Attackers Bypass Prompt Guards in Production AI

Attacks

Published: Fri, Oct 03, 2025 • By Theo Solander

Attackers Bypass Prompt Guards in Production AI

New research shows attackers can bypass lightweight prompt guards used to filter inputs to large language models (LLMs). The method, controlled-release prompting, exploits resource gaps between guard logic and the main model to decode jailbreaks, enabling policy-violating outputs and data leakage. The paper urges defence in depth, stronger output controls and ongoing red teaming.

A recent study demonstrates a practical weakness in a common defensive pattern: lightweight prompt guards that screen inputs before they reach large language models (LLMs). The researchers show an attack they call controlled-release prompting that consistently circumvents these guards on several production chat interfaces, including Google Gemini 2.5 Flash and Pro, DeepSeek Chat (DeepThink), Grok 3 and Mistral Le Chat (Magistral).

How the attack works

The method exploits a straightforward asymmetry. Prompt guards are small, cheap models or rule sets that inspect user input and block anything that looks malicious. The deployed LLM is substantially larger and more capable. Controlled-release prompting encodes a jailbreak into a form the guard cannot decode but the main model can recover during normal processing. The paper describes timed-release and spaced-release variants. Timed release uses a substitution cipher and forces sequential decoding, and the authors report successful jailbreaks once prompt budgets exceed roughly 800 tokens. Spaced release uses verbose substitutions and needs far larger token budgets, on the order of 10 000 prompt tokens or 12 500 response tokens, to be effective.
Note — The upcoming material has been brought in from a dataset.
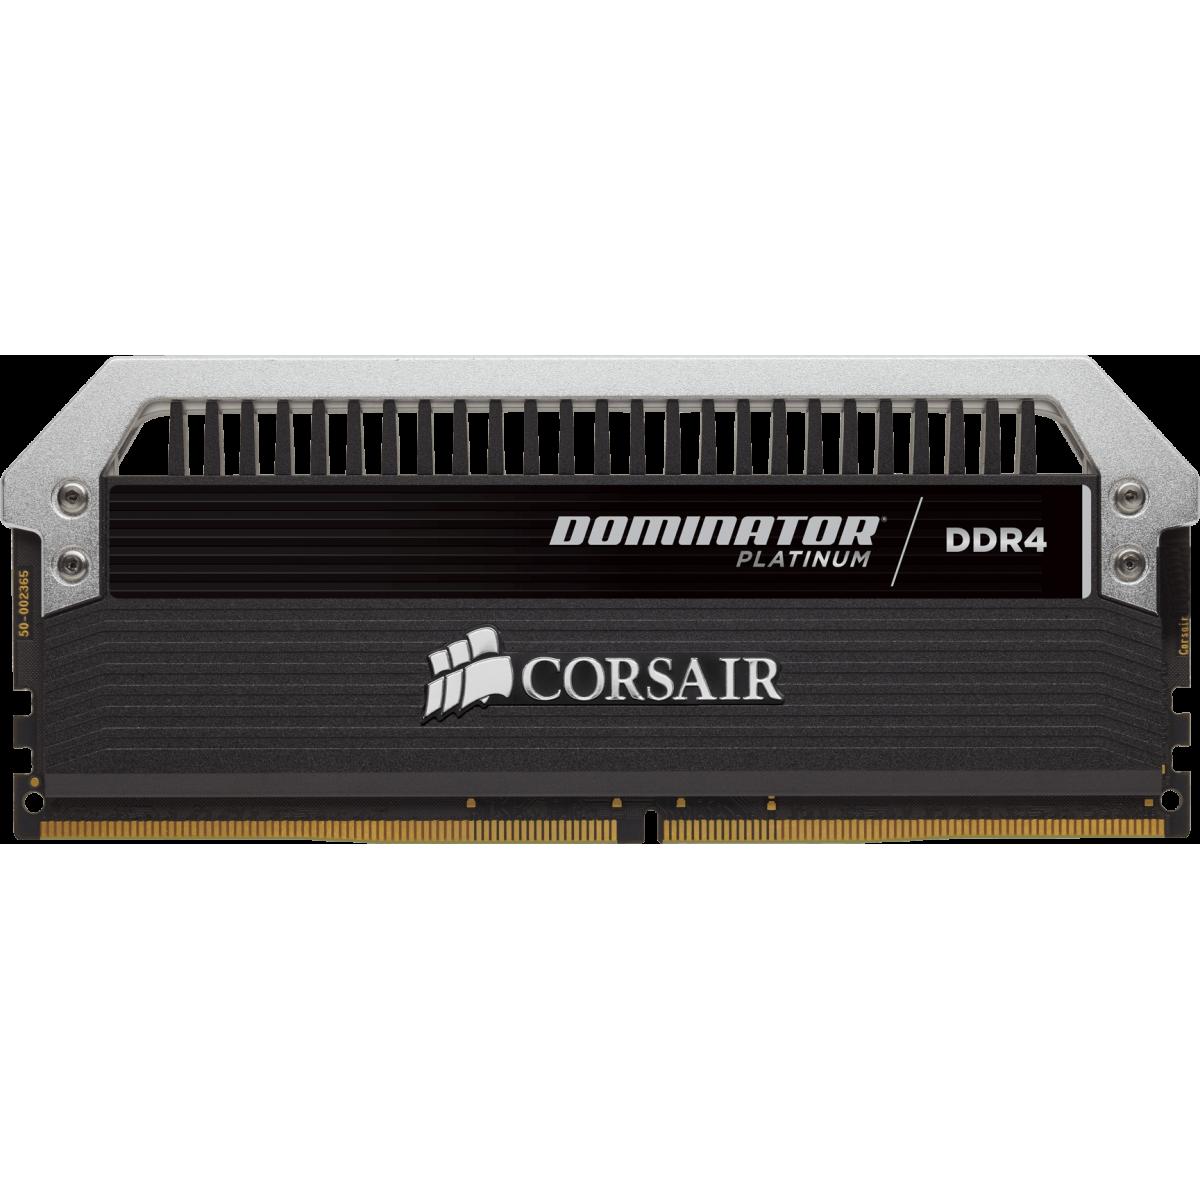 Memória DDR4 Corsair Dominator Platinum, 16GB (2X8GB) 3000MHZ, CMD16GX4M2B3000C15

The attack is model agnostic, requires no access to model weights or deployment changes, and preserves output quality in successful timed-release cases. That last point matters: an output that looks coherent is easier to misuse and harder to detect after the fact. Beyond jailbreaks, the paper highlights risks of copyrighted material extraction, training-data recovery and leakage during internal reasoning or thinking steps.

What this pattern suggests teams should do now

The core lesson is that input filtering alone is brittle. Lightweight guards are useful as a first line, but they create a predictable surface for attackers to exploit. Defenders should shift to defence in depth that places substantial controls on outputs as well as inputs. That means stronger output filtering, isolation between guard logic and the model runtime, and monitoring that can detect anomalous reasoning or unexpected data disclosure after the model produces text.

Operational steps follow directly from the findings. Increase guard budgets or use more capable guard models to reduce the resource gap, but treat that as mitigation not a final solution. Add post-processing checks on model outputs and consider redaction and provenance controls where sensitive material could leak. Audit chains of reasoning where models expose intermediate tokens or thought traces. Finally, build continuous red-teaming into deployments so novel encoding attacks surface before they reach production users.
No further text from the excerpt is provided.